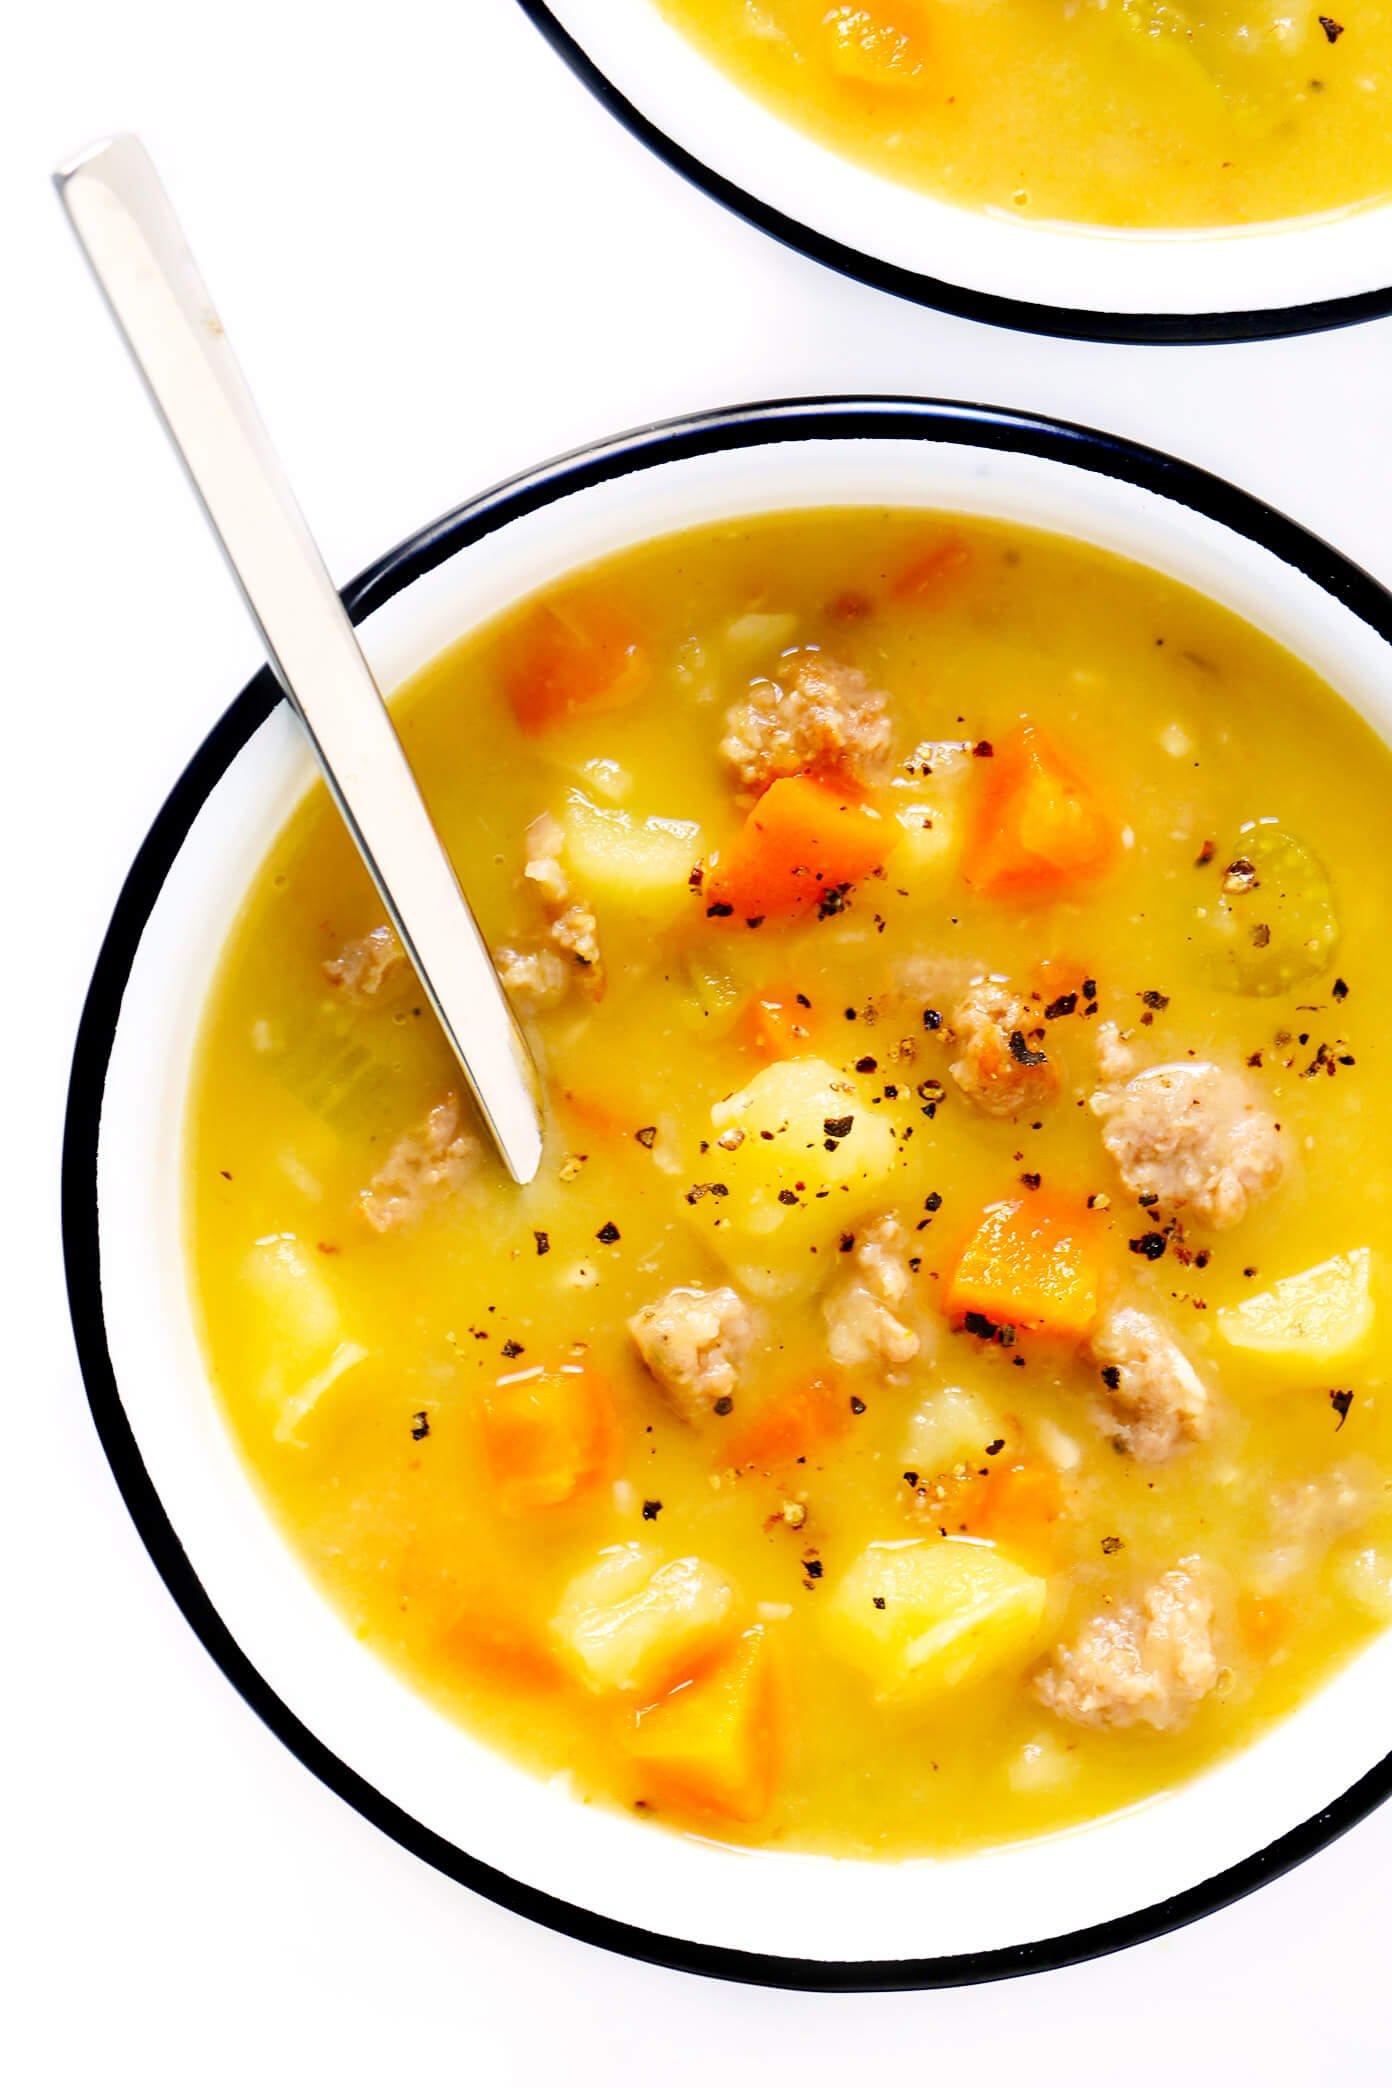 Turkey Cheeseburger Soup Recipe from Skinnytaste
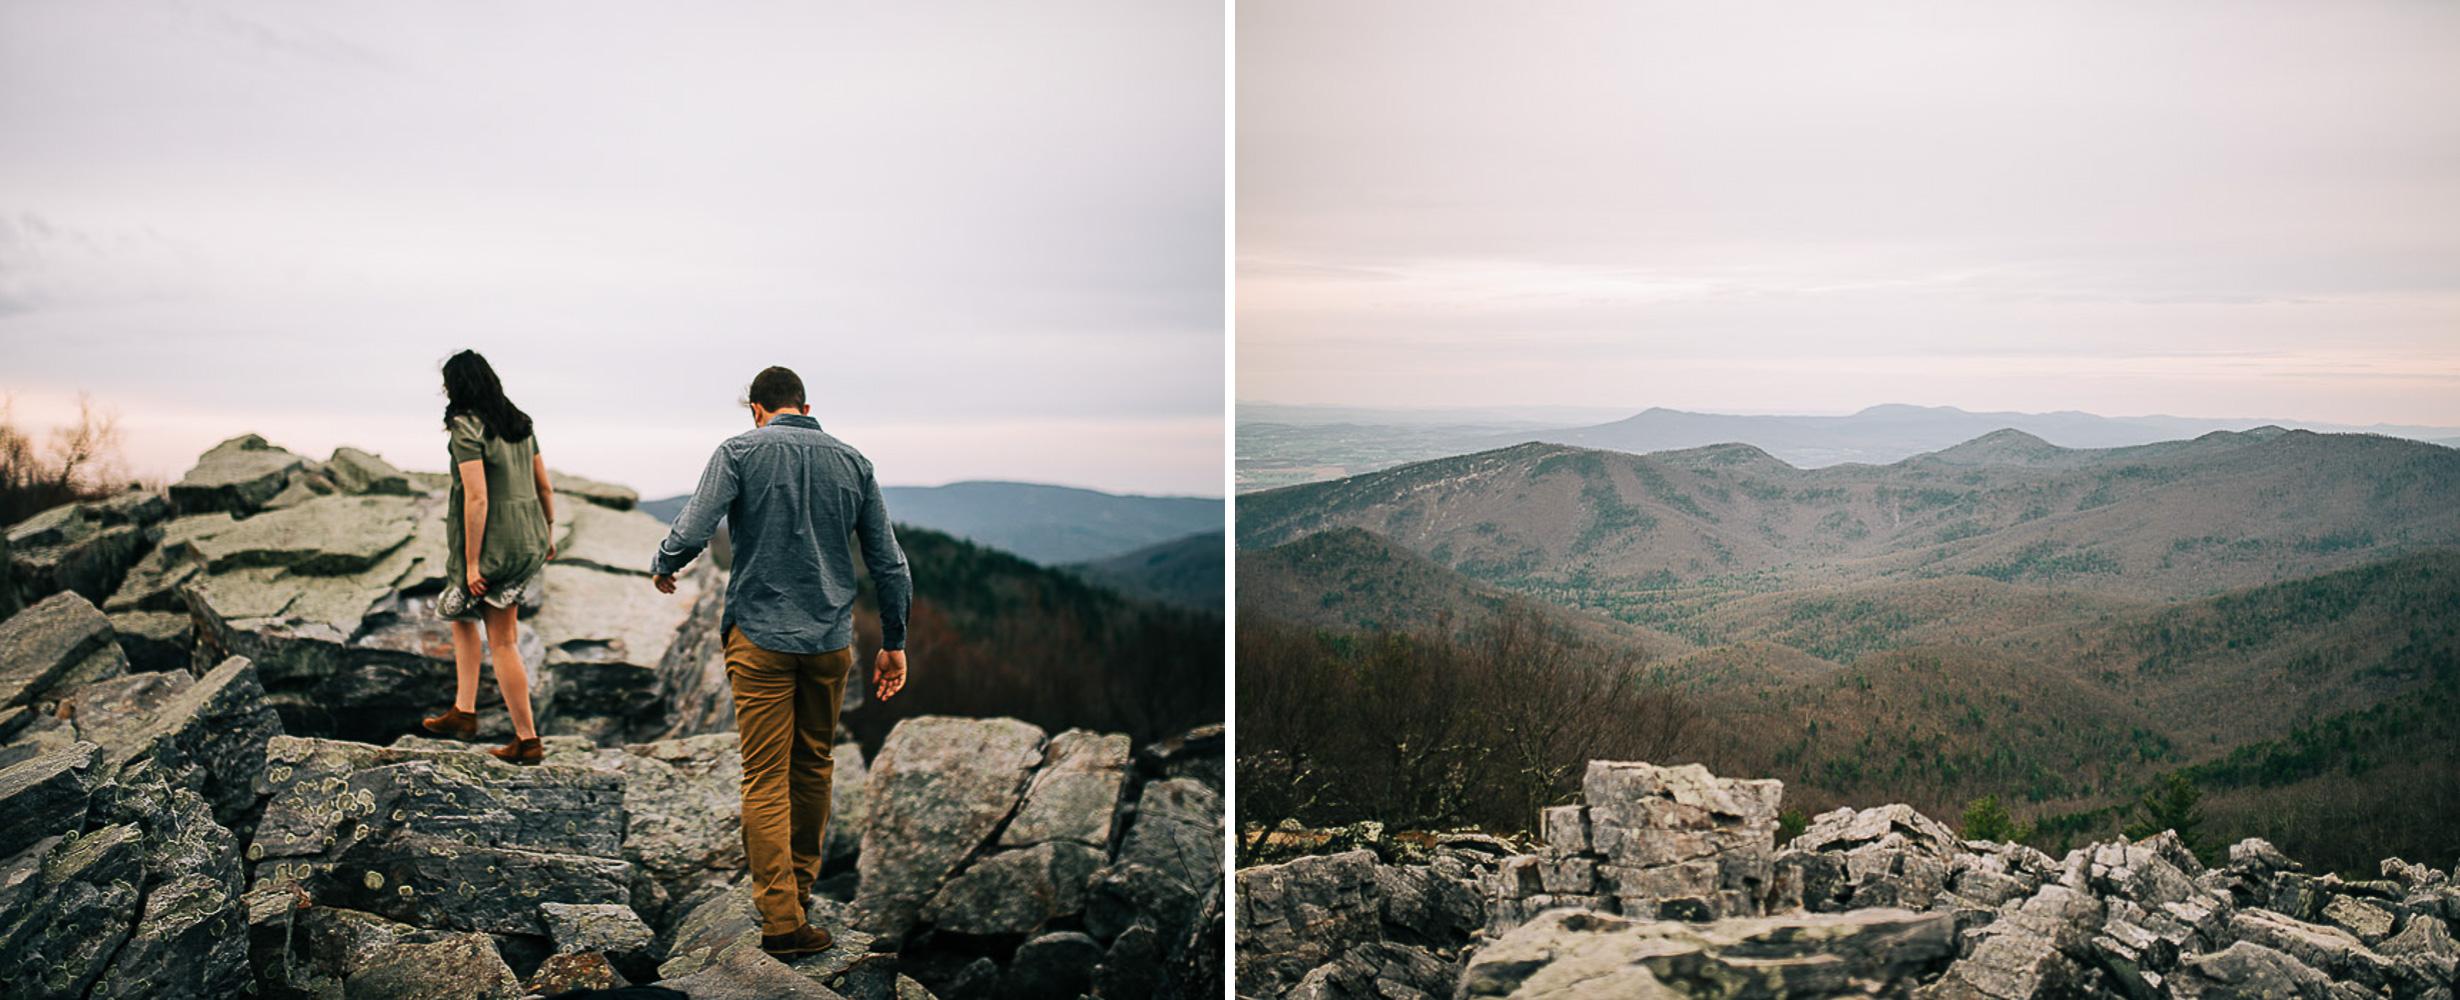 Sunrise Portriats, Mountain Portraits, Engagement Portraits, Anniversary Portraits, Summer Mast Photography 08.jpg
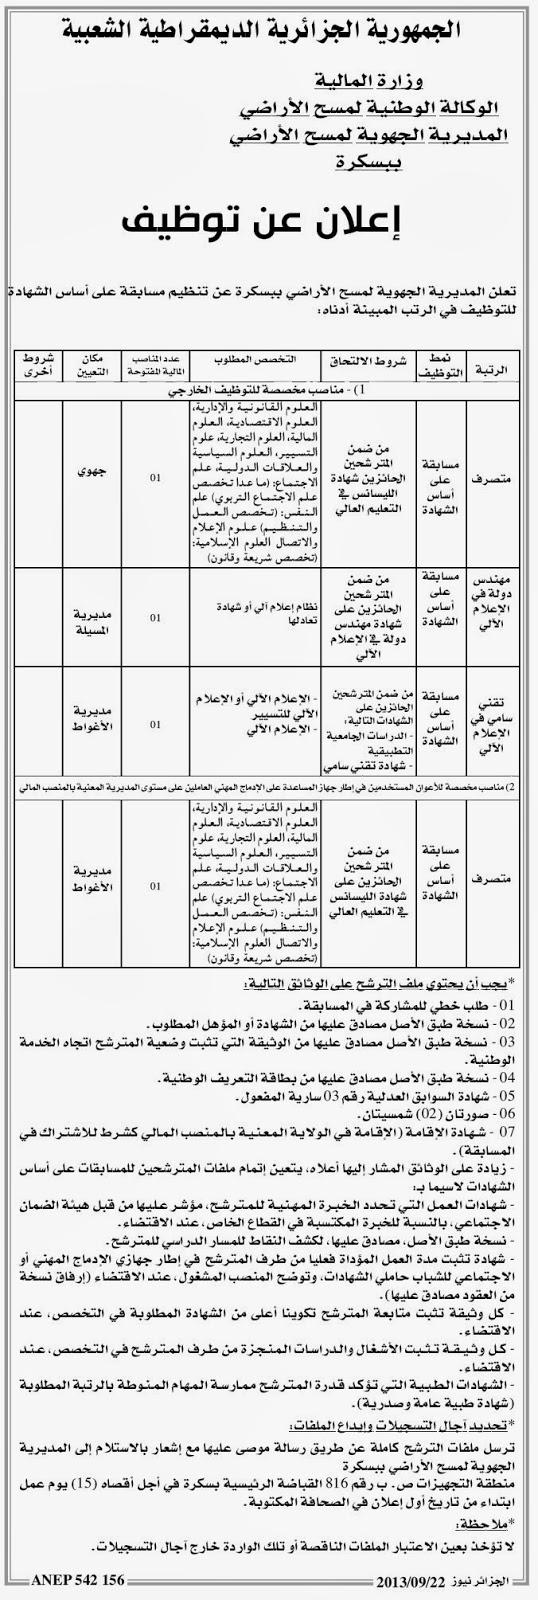 Les concours de la fonction publique en algerie 2013 - 2014 مسابقة توظيف بالمديرية الجهوية لمسح الاراضي ولاية بسكرة سبتمبر 2013 OA5bf

TASK BRIEF:
Each line of the data should be printed again exactly. Please leave pictures out.

ANSWER TO THIS PROBLEM:
 Turkey Cheeseburger Soup Recipe from Skinnytaste
 Sunrise Portriats, Mountain Portraits, Engagement Portraits, Anniversary Portraits, Summer Mast Photography 08.jpg
 Les concours de la fonction publique en algerie 2013 - 2014 مسابقة توظيف بالمديرية الجهوية لمسح الاراضي ولاية بسكرة سبتمبر 2013 OA5bf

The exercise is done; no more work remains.